The Trip | Teen Ink

The Trip

May 14, 2017

I remember when I came out in the garage to talk to my mom just like any other day. She had a look on her face, and it wasn’t a good one. I looked into her eyes, it was as if her life had been taken out from under her. She looked like she was going to speak but couldn’t catch the words.


“Grandpa isn’t doing so well, he’s in hospice, and it doesn’t look like he’s going to get better,” she explained to me in the softest voice possible.


“What do you mean he’s not going to get better?” I shouted in the roughest voice possible.


My mom explained to me how my grandpa’s cancer had come back and that we will have to go visit him in South Carolina as soon as possible because no one knew how long he would have. When she then told me that hospice is place where they put people they know can’t get better, I couldn’t handle myself. I could feel the air blow up into my lungs as I was thinking about the one guy that was there for me, the man that was my father figure when my dad wasn’t, the one man that always said he’d be there for me was going to be gone soon. I broke.
“Are you ready to leave?” my mom wheezed out of breath from hauling her compact bags to the car.


we left at about 10 o’clock as my brother, sister, mother and I piled into the car. It was going to take about eleven hours to drive to Myrtle Beach, we ended up getting there in about four-teen hours. It seemed to be the longest one yet, even though we have drove to the Carolinas multiple times to see my grandpa. I love the smell when you get close to the beach and you can smell the water- the feelings you get when you’re back to old places, and you just don’t want to ever leave. I wanted to stay there forever with my grandpa, and never let go.
The first thing we did when we got to Myrtle beach was go to the hotel and get everything in place to see my grandpa. The hotel was only about five minutes away from the hospice my grandpa was staying at. We went to his room and what I saw was something I’ve never expected, i didn’t even know how to respond. I saw my grandpa, only he wasn’t my grandpa-he didn’t have any life in his face, his bags under his eyes were basically swollen and purple they were, the man who was once over two hundred pounds was now just below one fifty. The man I knew looked to be gone before my eyes.


“Allie boo, I missed you guys so much!” he yelled in a weak voice unlike what I was used to.
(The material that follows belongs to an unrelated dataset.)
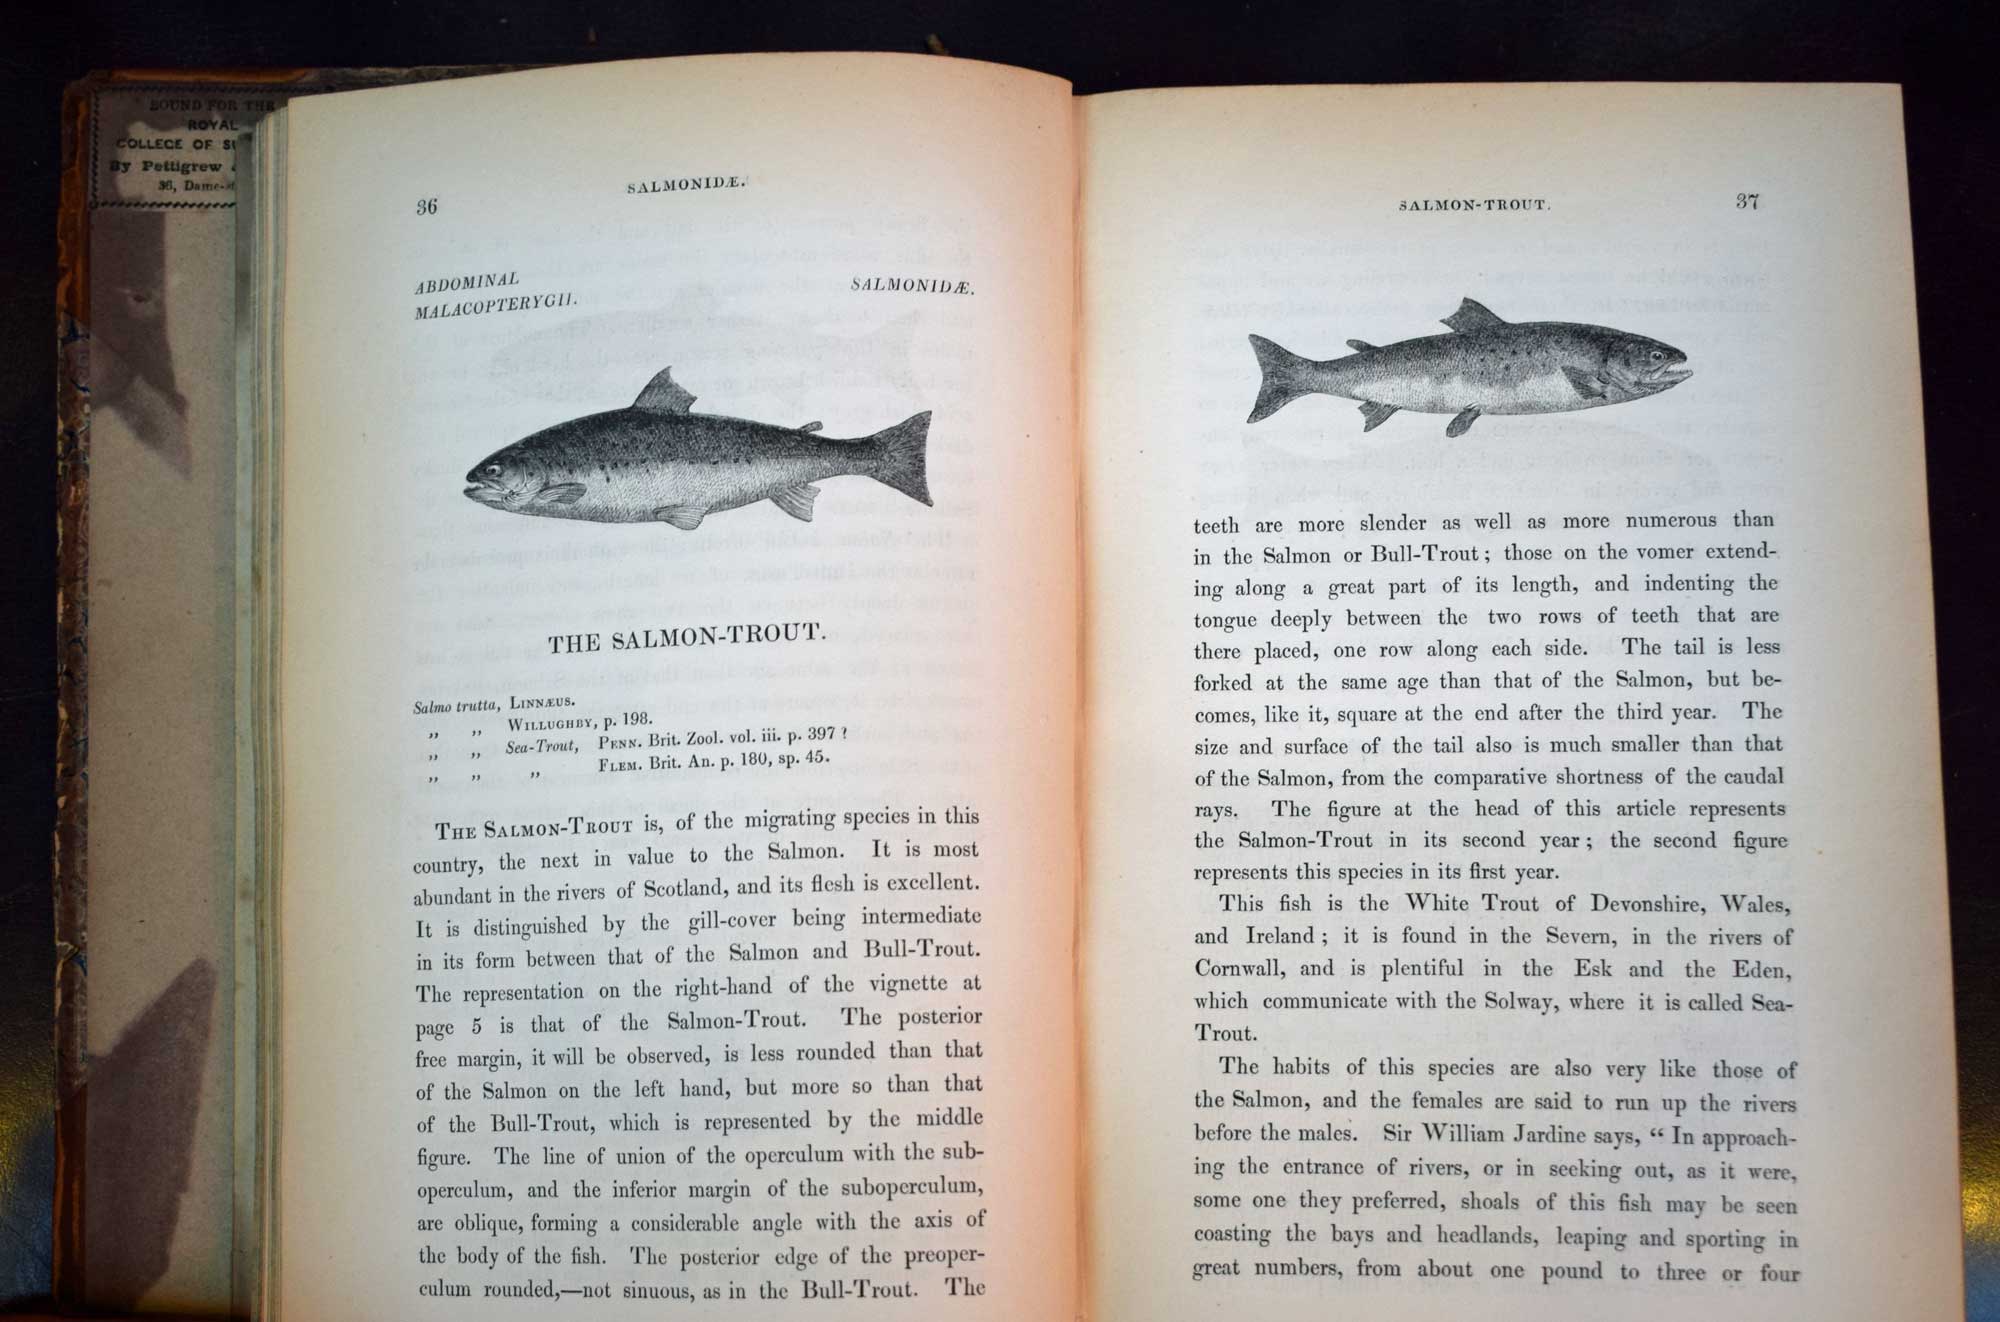 A History of British Fishes. With Supplement for both volumes bound in one volume. 2 volume set.

I wasn’t sure what to say; He looked so different but I didn’t want to offend him or make him sad in any way possible. I decided to just act like nothing has changed, and everything was going to be okay. We didn’t get to stay in South Carolina long, we had to go back to Ohio just a week in a half after we got there. It was so hard saying goodbye; knowing that we had to go home and knowing that it would be the last time I would see him.
My mom’s birthday is on June fourth; we always celebrated birthdays as a family so everyone was over at our house. That night at about eight o’clock my mom got a call on her cell phone I immediately saw the face on my mom then I saw the quiver, then I saw the tear. I knew in my gut that he called to say that he had passed but I couldn’t get up enough courage to ask and find out the truth once and for all.


The next day I woke up with nothing on my mind, then it hit me; he was gone.